The status would allow them to buy a house together and share benefits, like health insurance, but also to have outside romantic partners, or add a third “nesting partner” if they wished. Ms. Taylor said they had long held back from registering as domestic partners because the language her workplace used seemed to require that they be romantic partners.
“That has not felt right, so we haven’t done it,” she said. “Somerville is coming out and saying, ‘Hey, family can be a lot of other things, other than just two people.’”
 
This is why I was initially opposed to gay marriage being legalized. Honestly, I've got no problem with gay people being married, but I did worry about the legal precedent that was being established with it.

I didn't worry about it being used to legalize pedophilia because clearly there is a difference between consenting adults and allowing kids to consent. I was never able to understand, though, how you couldn't make the exact same argument in favor of polyamory as you do homosexual marriage. If love is love is love and they are all consenting adults, you can argue that the government has no business telling people how they can structure their families. And while I agree that it shouldn't necessarily be illegal (as in throw you in jail) -- I don't think that giving these types of arrangements legal recognition is good for society. You can't have healthy families with these types of arrangements.
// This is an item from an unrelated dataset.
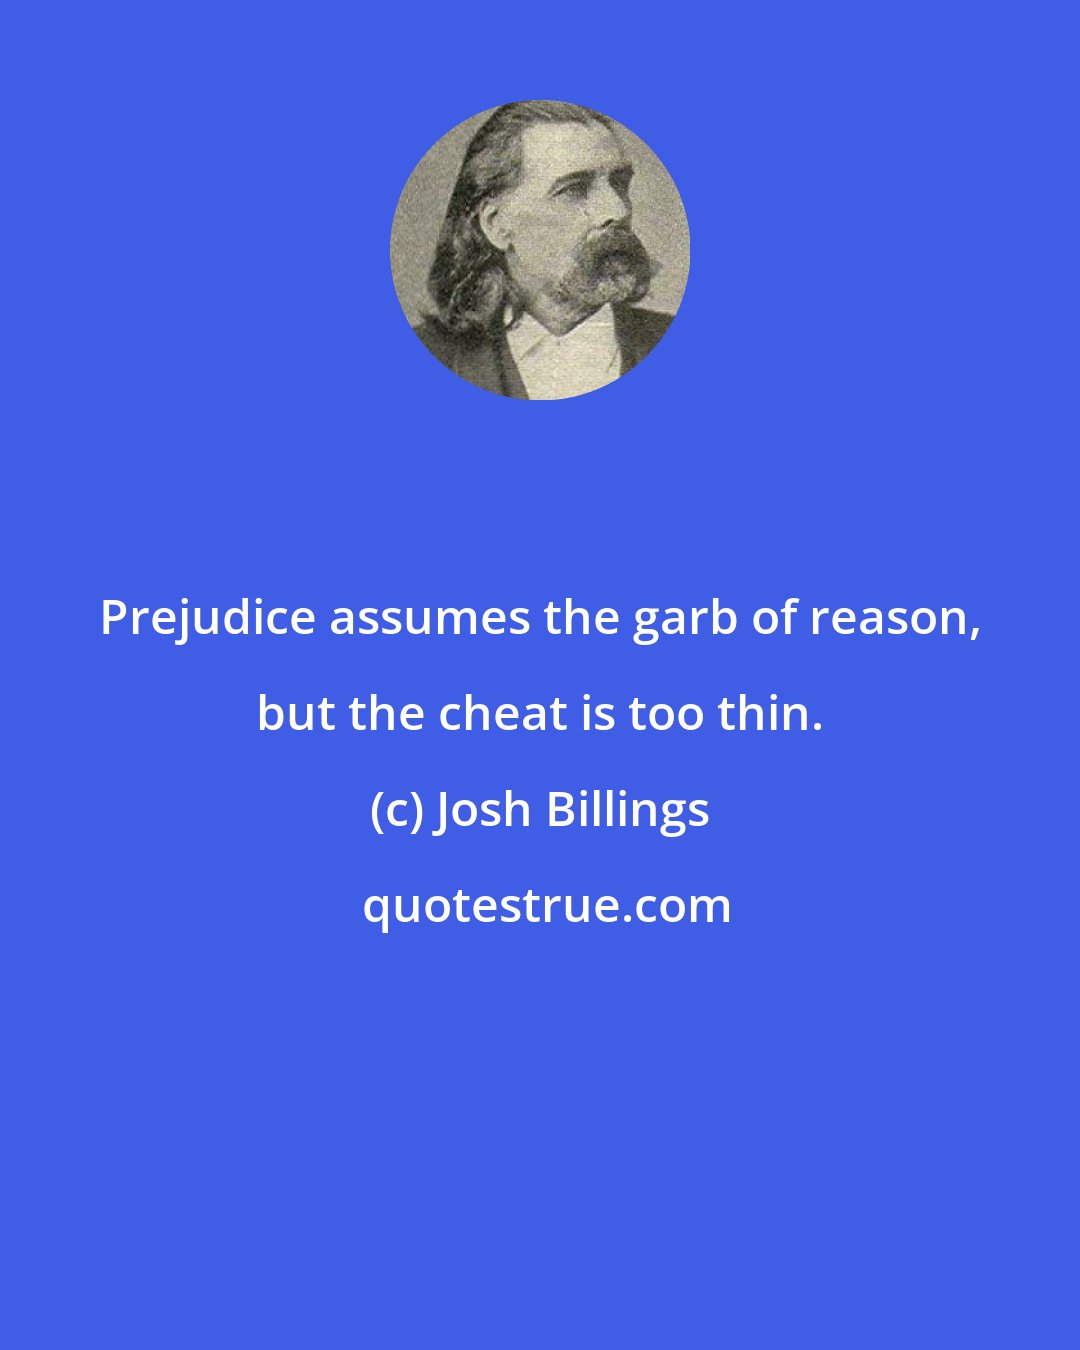 Josh Billings: Prejudice assumes the garb of reason, but the cheat is too thin.

I don't want a society that legalizes polygamy. We're becoming Sodom and Gomorrah. WTF, Massachusetts.
 
Jesus Christ, this really is the fucking mouse utopia experiment brought to humanity.
this kills society.
This is why I was initially opposed to gay marriage being legalized. Honestly, I've got no problem with gay people being married, but I did worry about the legal precedent that was being established with it.

I didn't worry about it being used to legalize pedophilia because clearly there is a difference between consenting adults and allowing kids to consent. I was never able to understand, though, how you couldn't make the exact same argument in favor of polyamory as you do homosexual marriage. If love is love is love and they are all consenting adults, you can argue that the government has no business telling people how they can structure their families. And while I agree that it shouldn't necessarily be illegal (as in throw you in jail) -- I don't think that giving these types of arrangements legal recognition is good for society. You can't have healthy families with these types of arrangements.

I don't want a society that legalizes polygamy. We're becoming Sodom and Gomorrah. WTF, Massachusetts.

Quite advanced societies have existed without monogamy: the Persians and Mali allowed marriage of one man and up to four women. The Cherokee didn't believe in formal marriage at all; men and women lived together so long as they felt like it, and if they fell out, that was that, no big deal (although the man was still expected to act in a fatherly role to any children that were the result of their relationship). These cultures clearly had healthy-enough societies that they existed for thousands of years without some kind of collapse.
I believe that heterosexual exclusive lifetime monogamy is mandated by God, but the sinful world clearly does not require it.

Child custody and/or child support cases are going to be a circus.
This isn't going to result in insurance scams or anything.
This is where the "threat to society" lies in this: US law doesn't have the infrastructure needed to accommodate these relationships, and will have to adapt. Otherwise, the courts will be even more bogged down then they already are.